> _Requirement_: Leave every picture out and return the rest of the listing verbatim.

> _Information provided_:
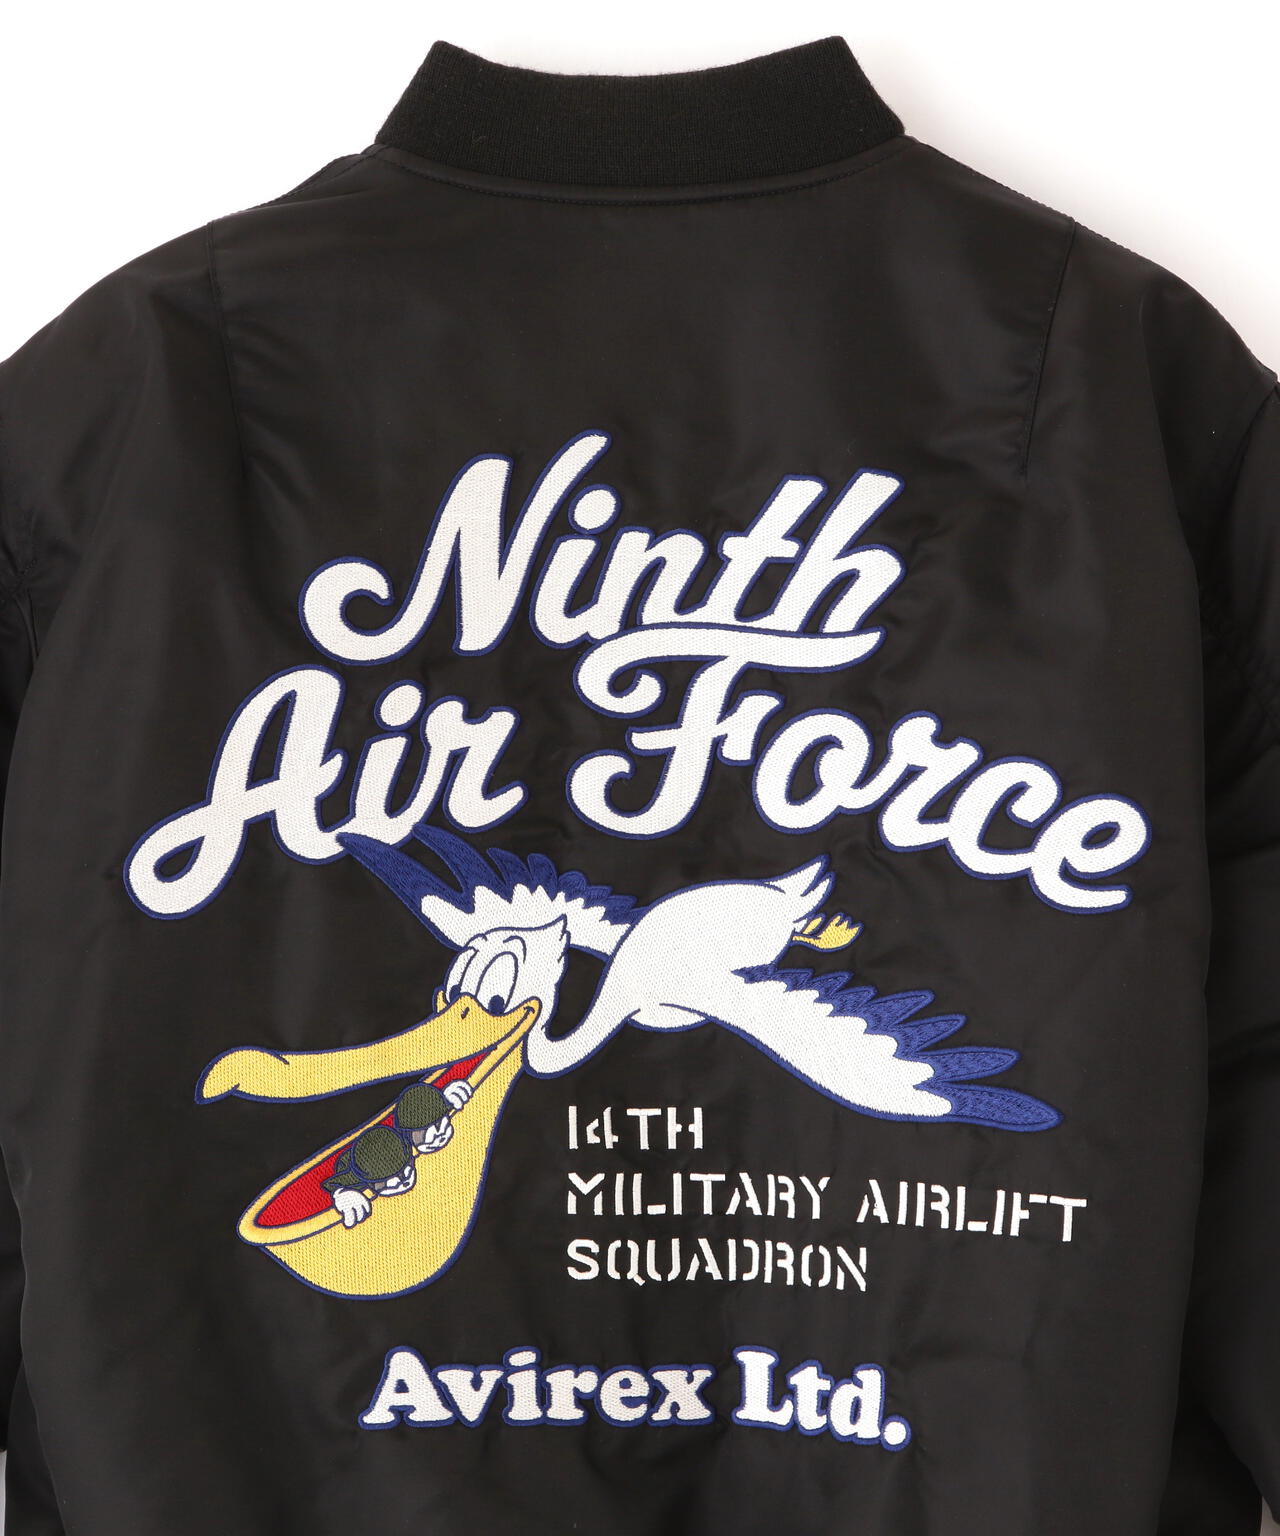 MA-1 9th AIR FORCE/MA-1 9th エアフォース
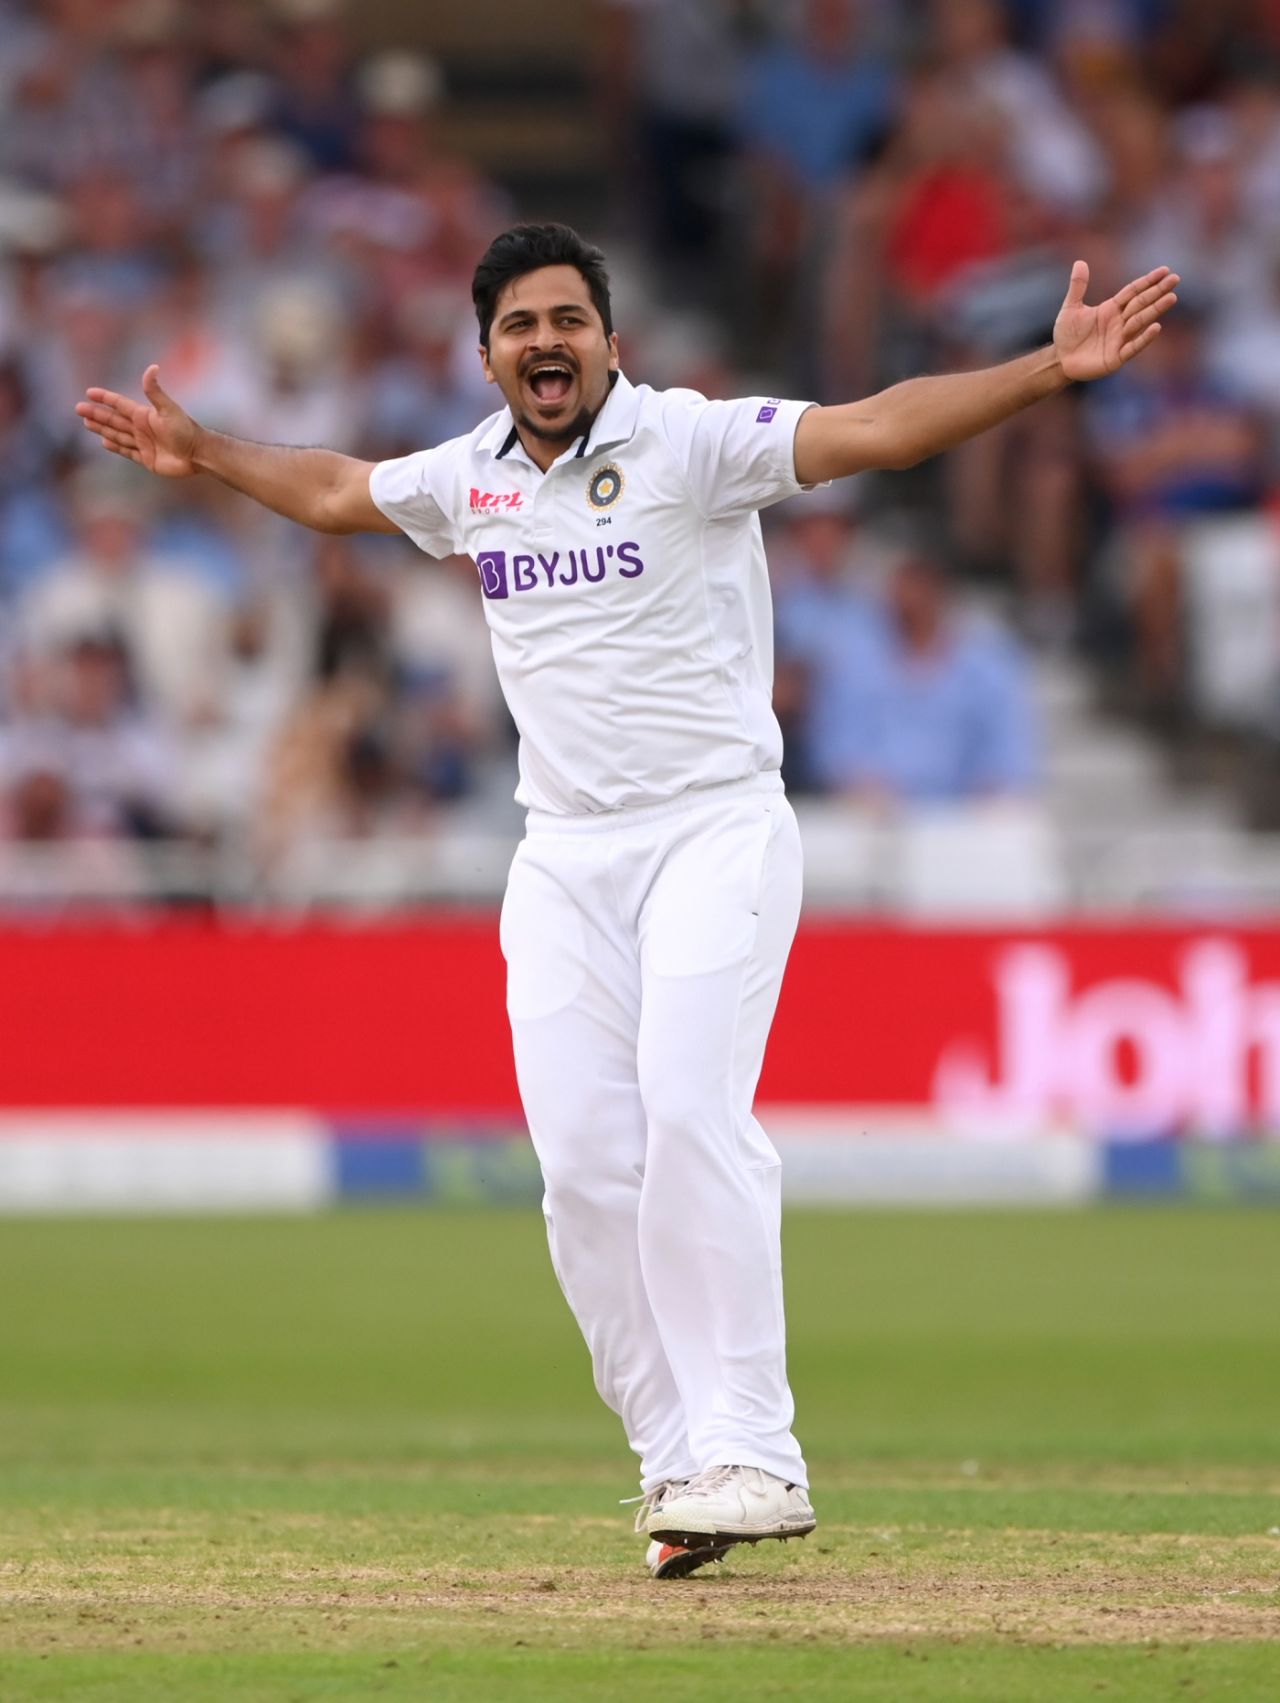 Shardul Thakur is pleased after dismissing Joe Root, England vs India, 1st Test, Nottingham, 1st day, August 4, 2021
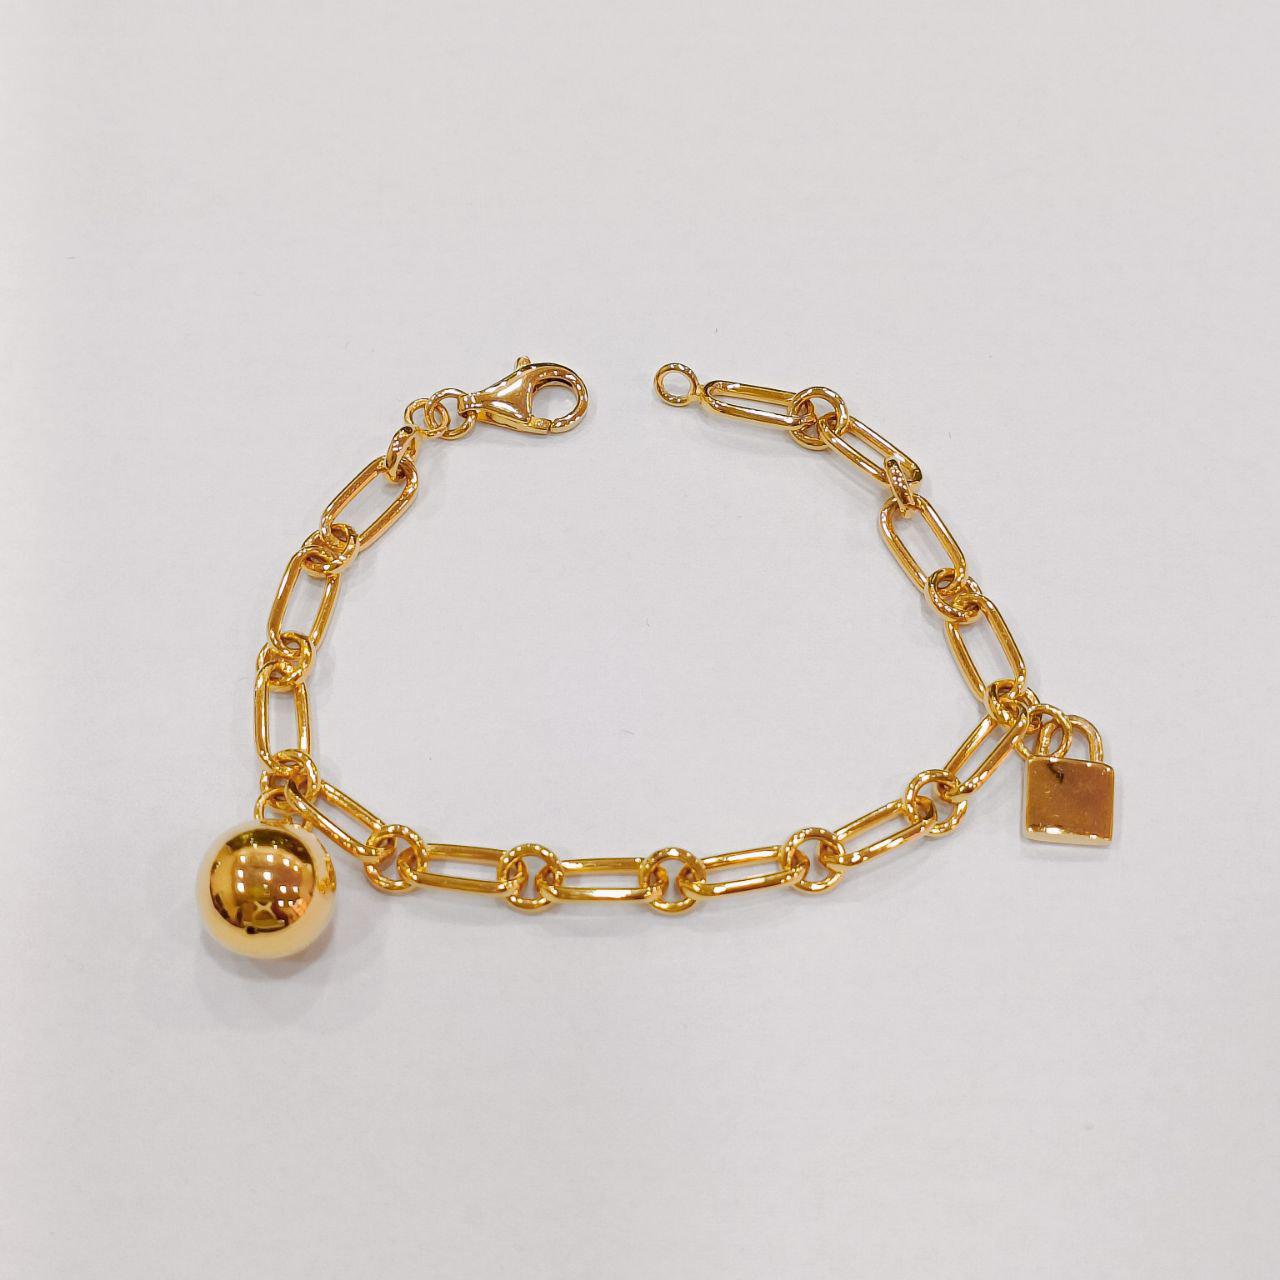 22k / 916 Gold Clip design with Ball and Lock bracelet-916 gold-Best Gold Shop

> _Result of the exercise_:
 MA-1 9th AIR FORCE/MA-1 9th エアフォース
 Shardul Thakur is pleased after dismissing Joe Root, England vs India, 1st Test, Nottingham, 1st day, August 4, 2021
 22k / 916 Gold Clip design with Ball and Lock bracelet-916 gold-Best Gold Shop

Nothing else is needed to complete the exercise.